Das Wort am Sonntag
Grenzbereich
31. Juli 2011
Unter der Überschrift
„Solidarität“
versucht man den Menschen in unserer Heimat quasi jeden geistigen Müll, Mist oder Abfall zu verkaufen. Politik in Berlin ist nicht die Quelle dieser Veränderungen, aber die Ursache. Was vor Jahren noch undenkbar gewesen wäre, wird nun fast schon unwiderruflich zur Wirklichkeit. Durchbrüche zu Nutzmehrenden in der Politik werden schließlich von Kräften zu schaffen sein, die ursprünglich am weitesten von der politischen Arbeit entfernt waren. Denn der politische Motor ist weder in Bonn noch in Berlin jemals ohne einen kräftigen Schuss Heuchelei ausgekommen. Das intern heiß diskutiere Thema der privaten Altersvorsorge wird mit jeder Ersatzhandlung für die völlig untaugliche Riesterrente dem Rest der Glaubwürdigkeit beraubt. Dabei ist die Glaubwürdigkeit bereits ein knappes Gut geworden und wird von der „noch“ schweigenden Mehrheit schmerzlich vermisst. Werte vermitteln ist etwas besonderes, was der Politik in unserer Heimat nur noch äußerst selten gelingt. Dagegen gehört, dass stetige Hoffnungen wecken zum Standartprogramm für scheinbar alle Parteien. Wunder erwartet niemand mehr, doch die anwachsenden Mangelzustände müssten die Volksvertreter doch eigentlich täglich wachrütteln. Es ist quasi zum normalen Zustand geworden, dass wenn man auf vermeintliche Grenzen der Handlungs- oder Gestaltungsmöglichkeiten stößt, dann die Medien, in erster Linie die Bildzeitung, für überdeckende Ersatzhandlungen zum Einsatz kommen. Es wird dadurch immer komplizierter, die Unterscheidung zwischen
Dichtung und Wahrheit
herauszufinden. Weil aufgrund dieser Szenarien den Medienvertretern neben den Protagonisten der Politik eine gefährliche Bedeutung zuwächst, müssen die verantwortlichen Journalisten zum Umdenken animiert werden. Man sollte selbst bei der Bildzeitung wieder lernen, nach ethisch moralischen Maßstäben die tägliche Arbeit zu verrichten. Denn erst wenn man die Einsicht zur Notwendigkeit erkennen kann, wird die Jagd nach dem Profit der journalistischen Qualität weichen. Wenn also jeder an seiner vorgesehenen Stelle daran mitwirken könnte, ohne direkte Einflussnahme der Atlantik – Brückennetzwerker, dann besteht die Chance, den Werten in unserer Heimat wieder Glaubwürdigkeit zu verleihen. Dies ist ein extrem schwieriges Unterfangen, denn lediglich nur mittels der Einsicht zur Notwendigkeit das Ziel zu erreichen, wird auf systematische Gegenwehr stoßen. Wo ständig mit
Profitgier, Voyeurismus, Sensationslust und Machtgelüste
die Würde der Menschen in unserer Heimat pausenlos verletzt werden, kann man mit „vornehmer“ Zurückhaltung kaum auf Besserung hoffen. Zu allererst muss der geistige Müll, Mist oder Abfall aus den Köpfen der verantwortlichen Akteuren entfernt werden.
Quasi die Beseitigung
der geistigen und intellektuellen Umweltverschmutzung.
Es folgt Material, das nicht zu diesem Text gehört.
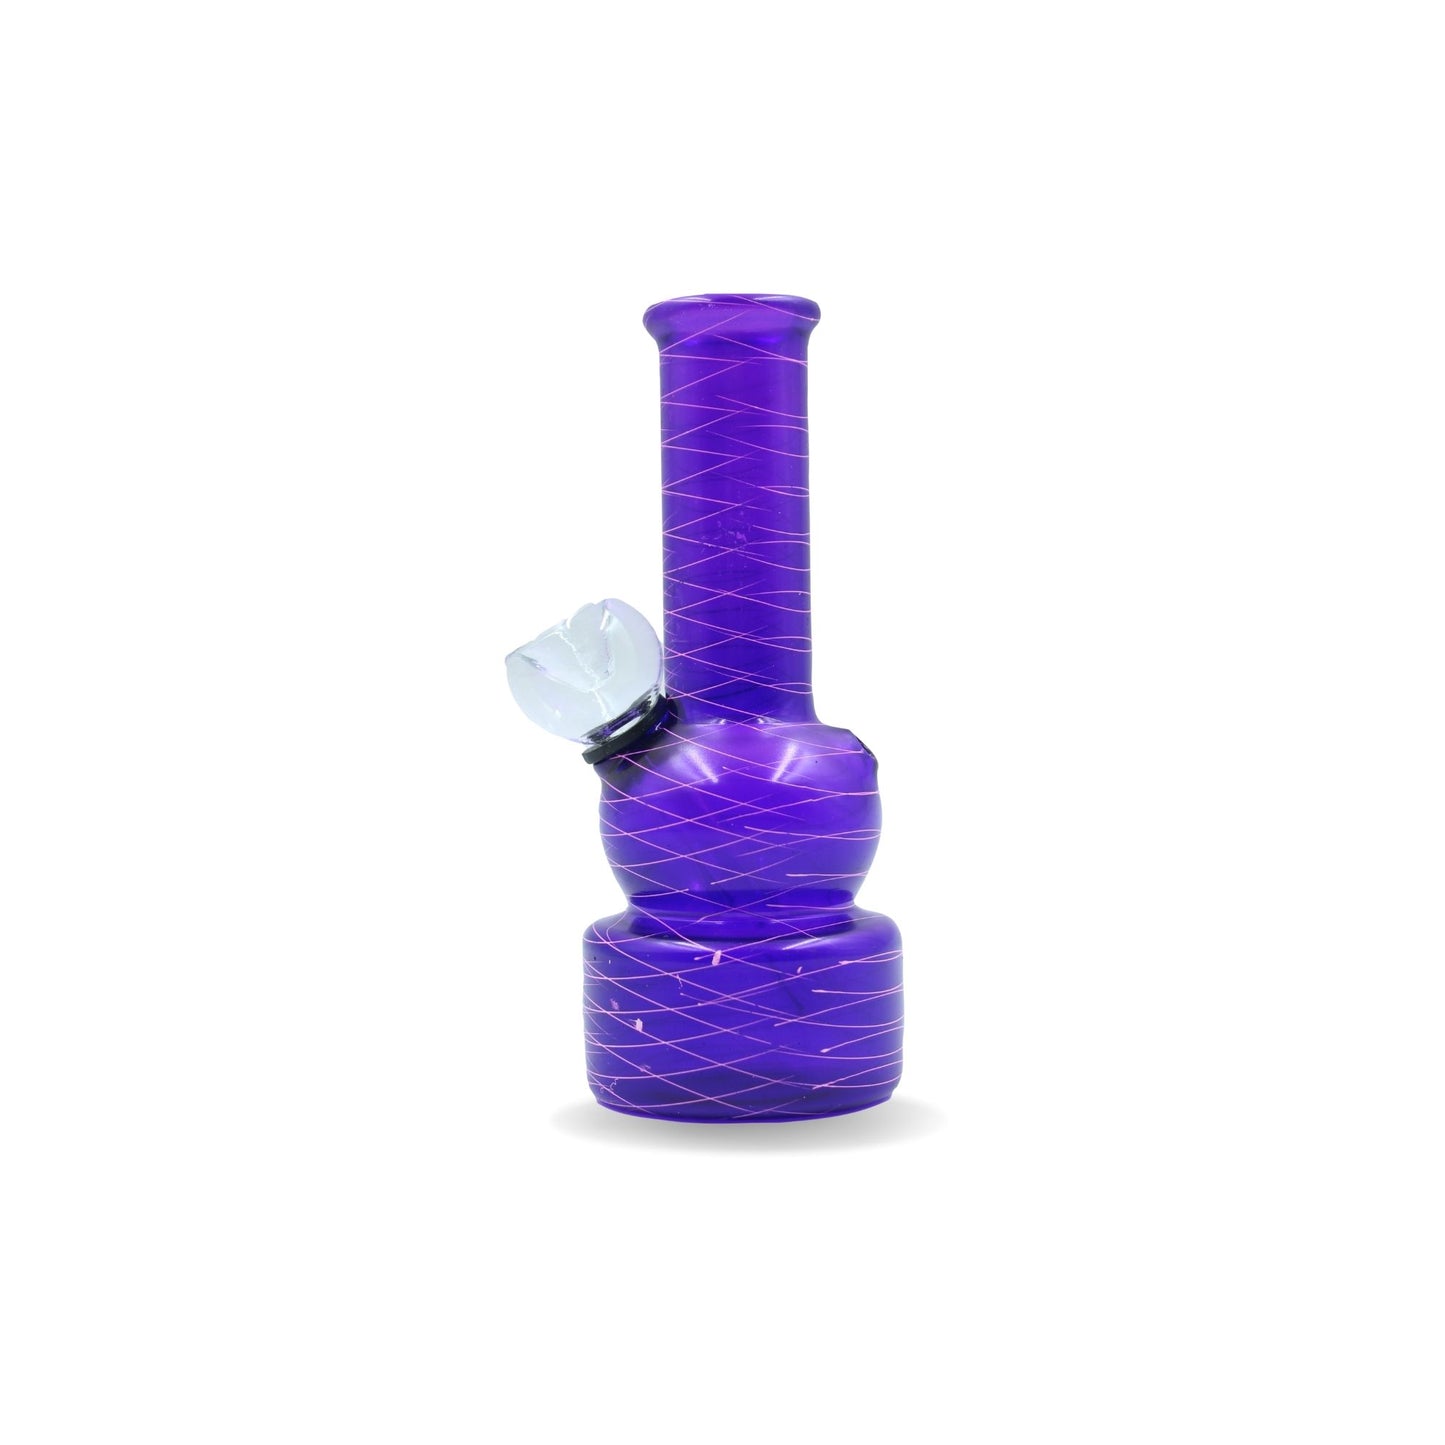 Pocket Rocket Mini Bong - Purple Haze

Weil die Einsicht in die Notwendigkeit zum Wandel abgenommen hat, müssten parallel zur Beseitigung der geistigen und intellektuellen Umweltverschmutzung gesetzliche Vorgaben geschaffen werden und fühlbar harte Strafen bei Verstößen verhängt werden können. Denn bekanntlich gehört den Menschen, denen es gelingt, die individuelle Gestaltung des Lebens und die dazugehörige Autorität in ein funktionierendes Gleichgewicht zu bringen, die Zukunft in jedem Staat. Wer jedoch die Grundlagen des ethisch moralischen Handelns verlässt und Freiheit, Brüderlichkeit sowie Solidarität mit Füßen tritt, zerstört auf Dauer das Zusammengehörigkeitsgefühl und kann leicht zum Opfer des eigenen verwerflichen Handelns werden. Jede weitere Erschütterung unseres Moralsystems, jede weitere Erschütterung des Gemeinschaftsgedankens sowie eine Verrohung der Profitgier könnte schon bald zur Überdehnung des Grenzbereiches führen. Nur die Überzeugung wieder für ein gemeinsames Ideal und Ziel zu arbeiten, wird unsere Gesellschaft erneut zusammenführen können.